Que chez les fils d’Abraham la racine des sentimens nobles n’ait pas toujours été desséchée, cela me paraît hors de doute ; mais je ne sais si leur idéal est toujours le même que le nôtre. Peut-être y a-t-il dans le passé d’Israël quelque chose qui décolore ses aspirations les plus hautes et teinte son idéal d’une nuance de prosaïsme. Le Juif est vieux, et il a longtemps vu le monde à travers les grilles du ghetto. Jusqu’en ses rêves, il se peut qu’il soit plus positif que des races plus jeunes, dont l’adolescence, plus choyée, a eu plus d’expansion. À nous fils ingrats de la nouvelle Rome, grandis joyeusement sur les genoux maternels de l’Église, il nous revient parfois des réminiscences de notre enfance chrétienne et de ses élans vers le ciel. Nous sommes les fils des croisés ; et de la vie du moine et du chevalier, il nous reste un tour d’imagination, une fierté de sentiment, une délicatesse d’âme, malaisés à retrouver chez les fils du sémite, tenus comme des chiens à la porte de la maison. L’idéal, qui s’est formé au moyen âge dans le donjon du château-fort et sous les arcades du cloître, n’est pas celui du Juif ; — pas plus d’ailleurs qu’il n’est, là-bas, celui du Yankee. Le Juif n’est d’habitude ni chevaleresque, ni mystique ; nous en avons donné les raisons.

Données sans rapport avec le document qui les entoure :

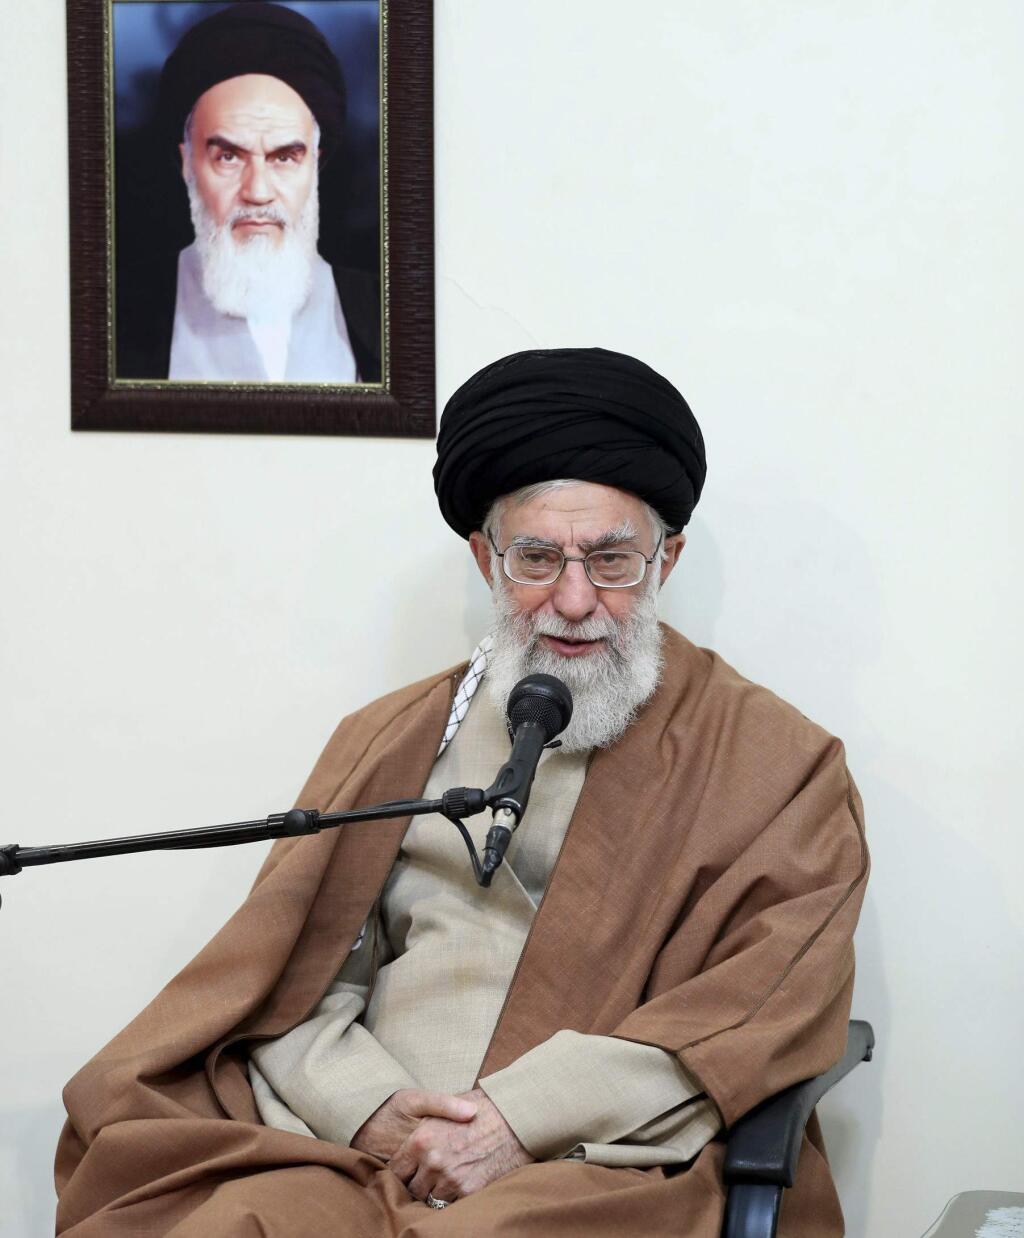 In this picture released by official website of the office of the Iranian supreme leader, Supreme Leader Ayatollah Ali Khamenei speaks in a meeting as he sits under a portrait of the late Iranian revolutionary founder Ayatollah Khomeini, in Tehran, Iran, Tuesday, Jan. 2, 2018. Khamenei said Tuesday that the country's enemies have meddled in recent protest rallies. The report on the website of Ayatollah Ali Khamenei quoted him as saying “in recent days” enemies of Iran have utilized various means including money, weapons, politics and intelligence apparatuses. (Office of the Iranian Supreme Leader via AP)
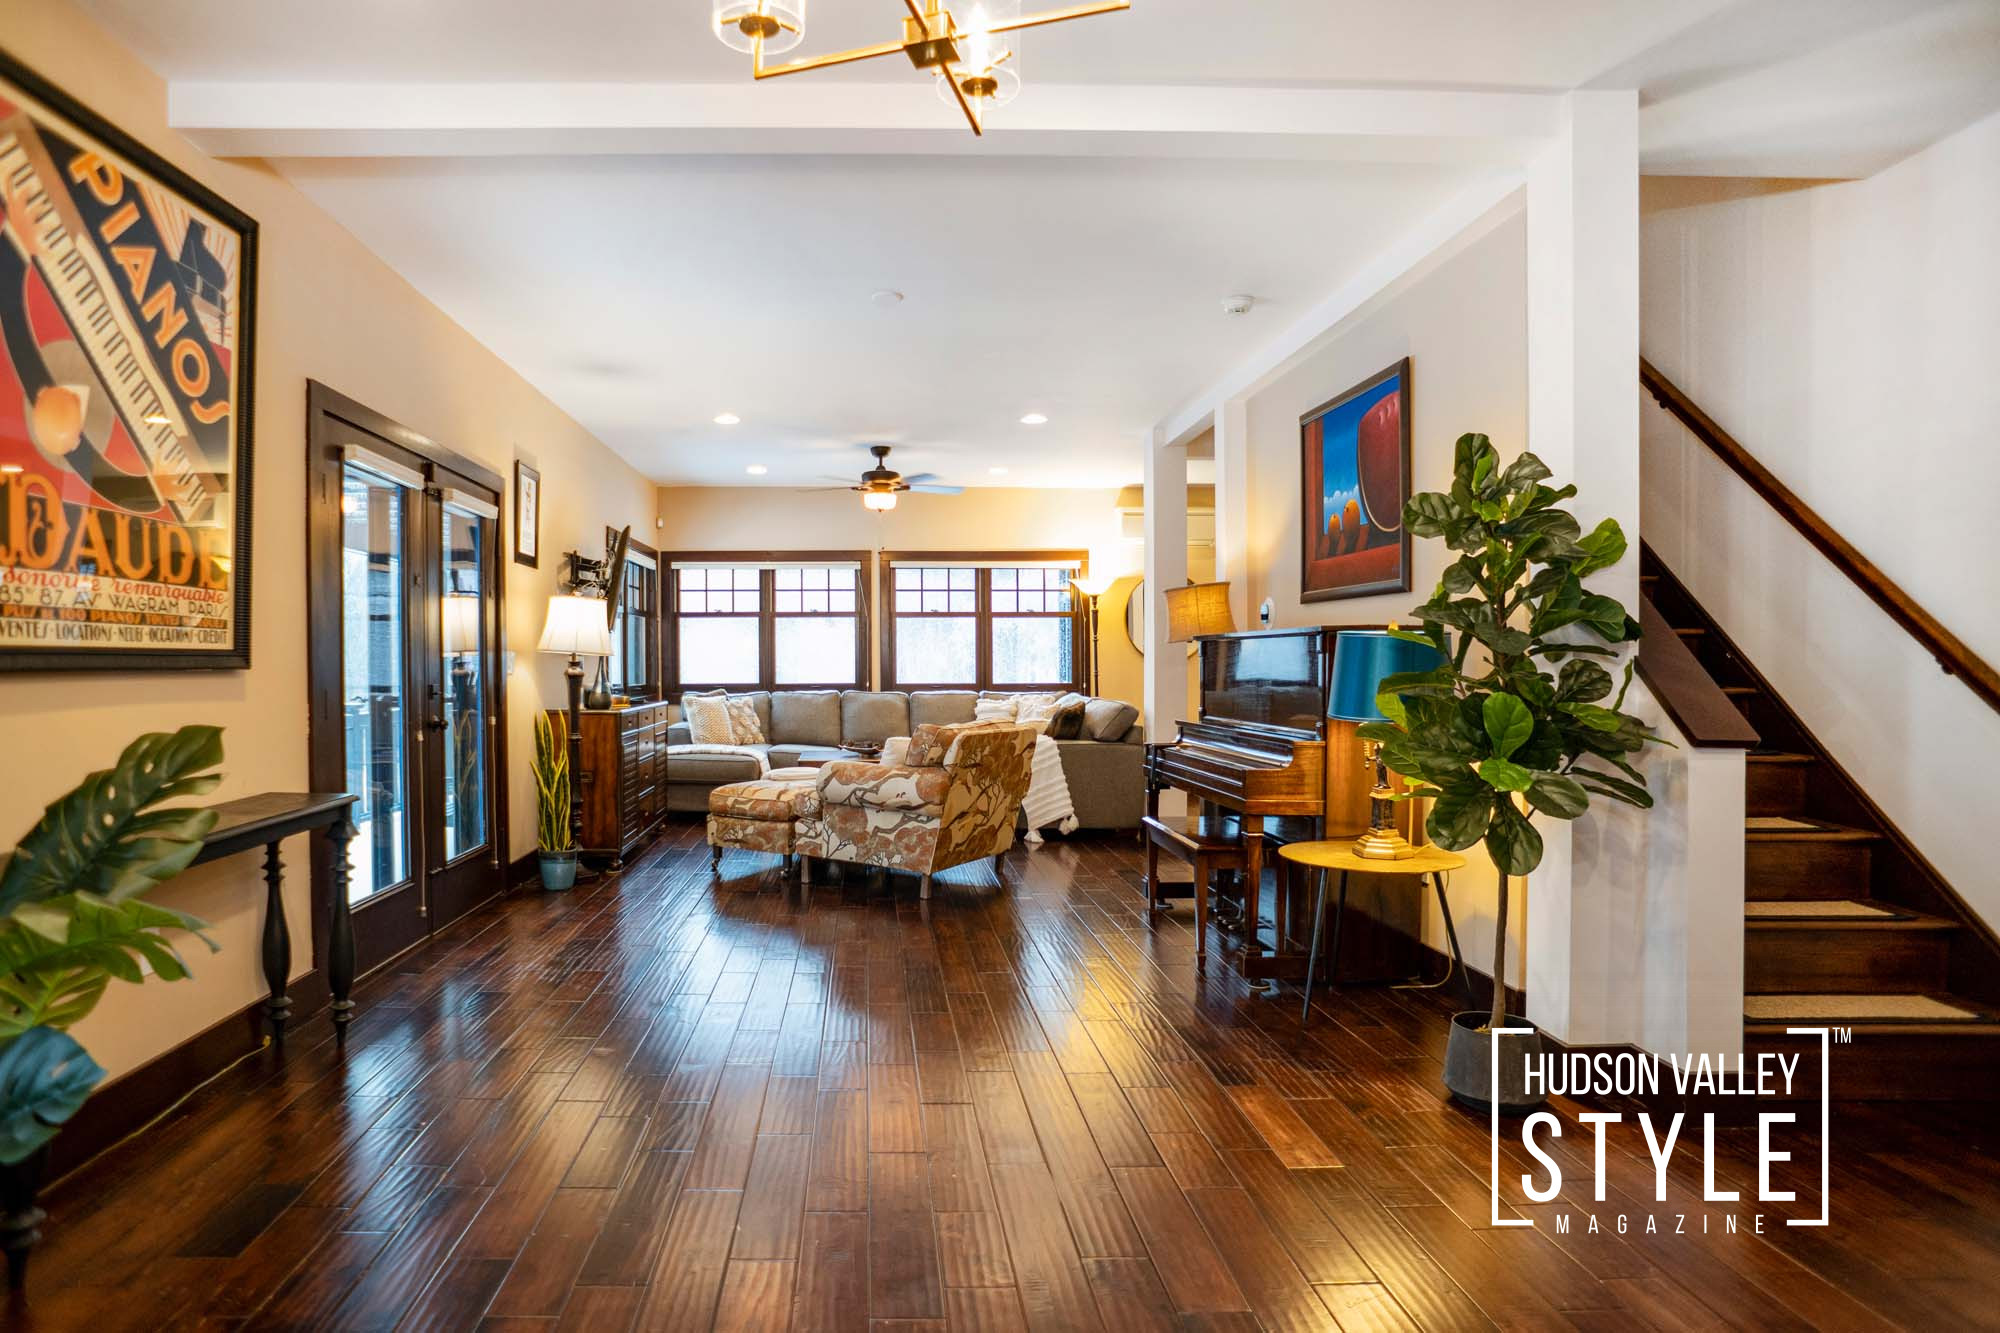 Considering buying a house in the Catskill Mountains or Hudson Valley? – Featured Hudson Valley Home for Sale in Catskill, NY – Real Estate Photography by Alluvion Media

Qu’il soit peu chevaleresque, n’ait que dédain pour le donquichottisme et montre peu de goût pour la gloire bruyante des armes et les aventures noblement périlleuses, comment en être surpris, quand l’écu du chevalier et le droit de ceindre l’épée lui ont été déniés pendant des siècles ? De même, il n’est guère enclin au mysticisme et semble ne l’avoir jamais été : le judaïsme est toujours resté une loi, une religion de tête, un culte de raison, peu favorable aux mystiques transports ou aux divines langueurs. Le mysticisme de la Cabbale et des néo-cabbalistes, les Hassidim, semble une semence apportée du dehors ;

  1. L’Angleterre aussi a eu ses pasteurs et ses missionnaires de sang Israélite. Une revue ecclésiastique anglicane, the Newherry Bouse Magazine (janvier 1892, p. 320), affirme qu’il y a, dans l’église établie, quatre évêques et cent vingt clergymen d’origine juive, dont plusieurs se sont signalés par la ferveur et le désintéressement de leur apostolat. Lord Herschell, le chancelier du cabinet Gladstone, est ainsi le fils d’un juif polonais, Ridley Herschell, devenu après son baptême ministre anglican.